Perhaps most important is a proposal to increase Maritime Domain Awareness,

“The report also recommends that California work with federal agencies to install advanced radar and sonar technologies along the state’s coast to detect more of the vessels that currently evade authorities.”

Unfunded Piority List

The US Naval Institute has published an online copy of the DOD’s unfunded priority list. The Navy’s list runs pages 9-13 of the 49 page document reproduced there.

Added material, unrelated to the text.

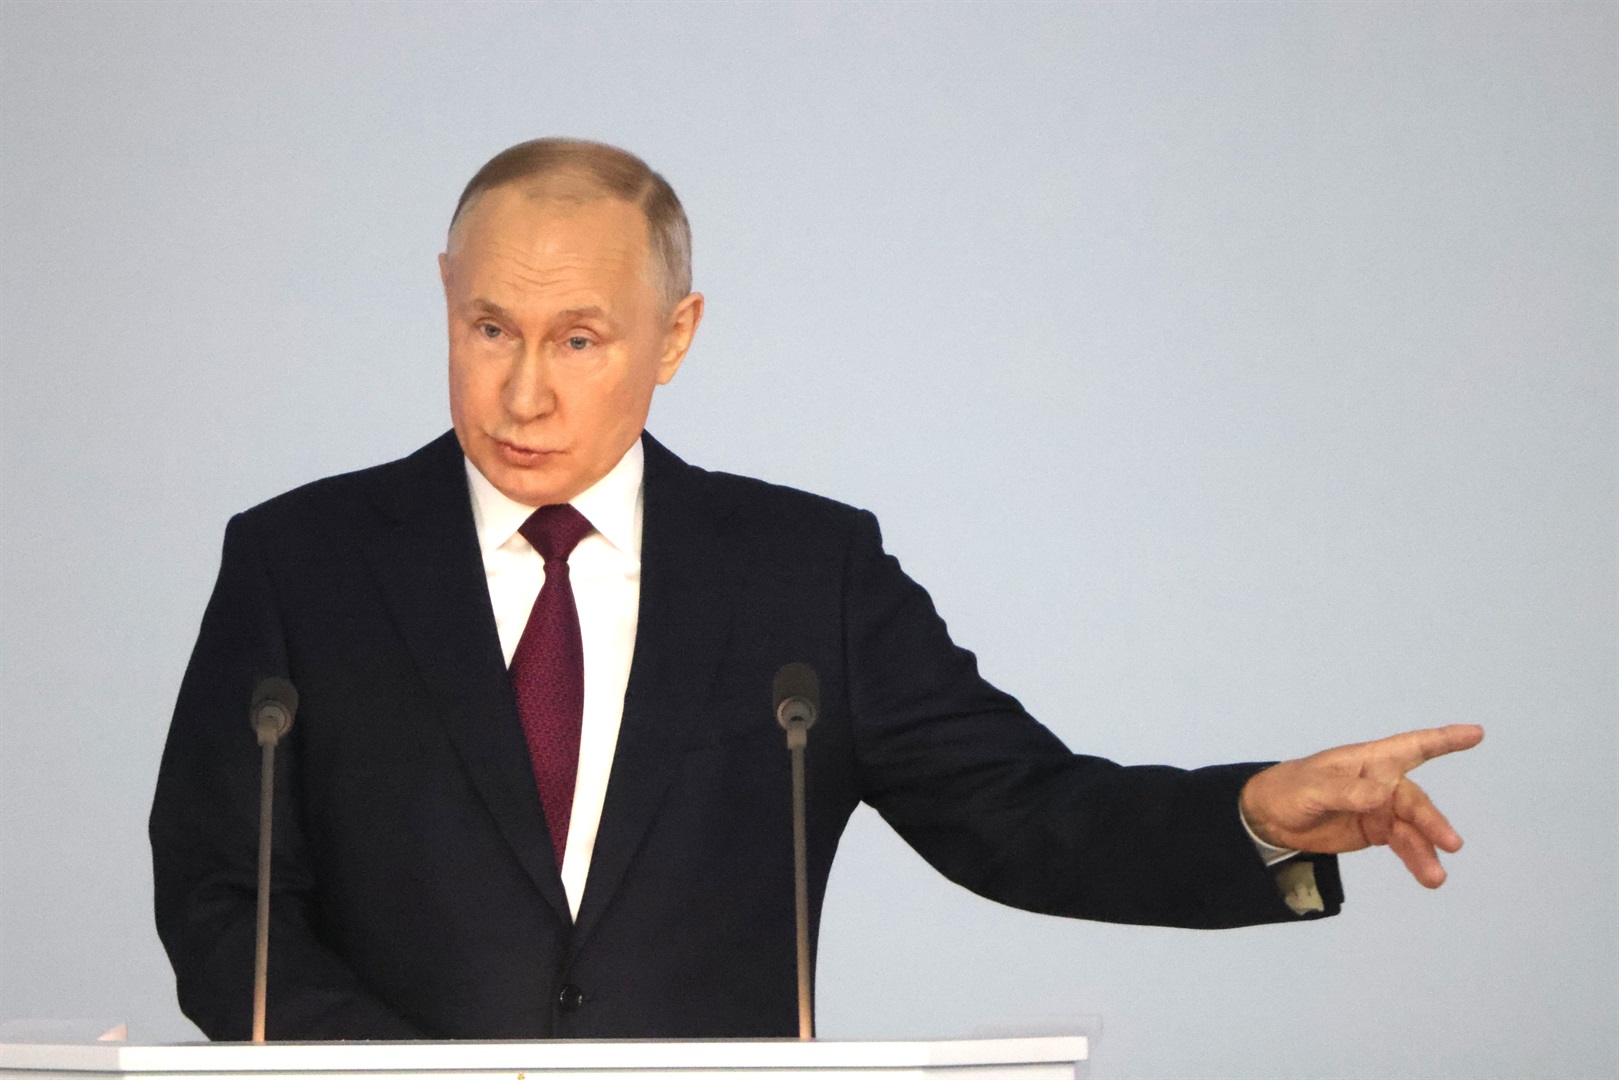 Putin, Rusya'nın nükleer kapasiteli bir ICBM fırlatmasıyla övünmek istedi - ancak fırlatma başarısız oldu, diyor rapor

Which got me to thinking, where is the Coast Guard’s unfunded priority list? Do we have one? If not, shouldn’t we? The FY2015 budget proposal includes only two Fast Response Cutters. First on the list, four more. The additional 14 C-27Js still leave us four Maritime Patrol Aircraft short of the program of record. Four more C-144s (or C-27s) please. There is a documented requirement for three heavy and three medium icebreakers. Lets fix the Polar Sea. To do all its statutory missions, the Coast Guard Fleet Mix Study  indicated we need nine National Security Cutters not eight and not 25 Offshore  Patrol Cutters but 57. We are not ready to order the OPCs yet, but a ninth NSC is something we could use right now. Plus the Coast Guard needs replacements or rebuilds for the inland fleet of tenders and the 65 foot icebreaking tugs. Incidentally the Fleet Mix Study says the Coast Guard need 65 Maritime Patrol Aircraft (listed as C-144s in the study) not the 36 in the program of record or the 32 in the works currently.

The Commandant has been saying the Coast Guard needs $2.5B a year in AC&I. Why not tell Congress how we would spend it. If I remember correctly, Congress has in fact asked for this. The Coast Guard would be remiss in not providing it.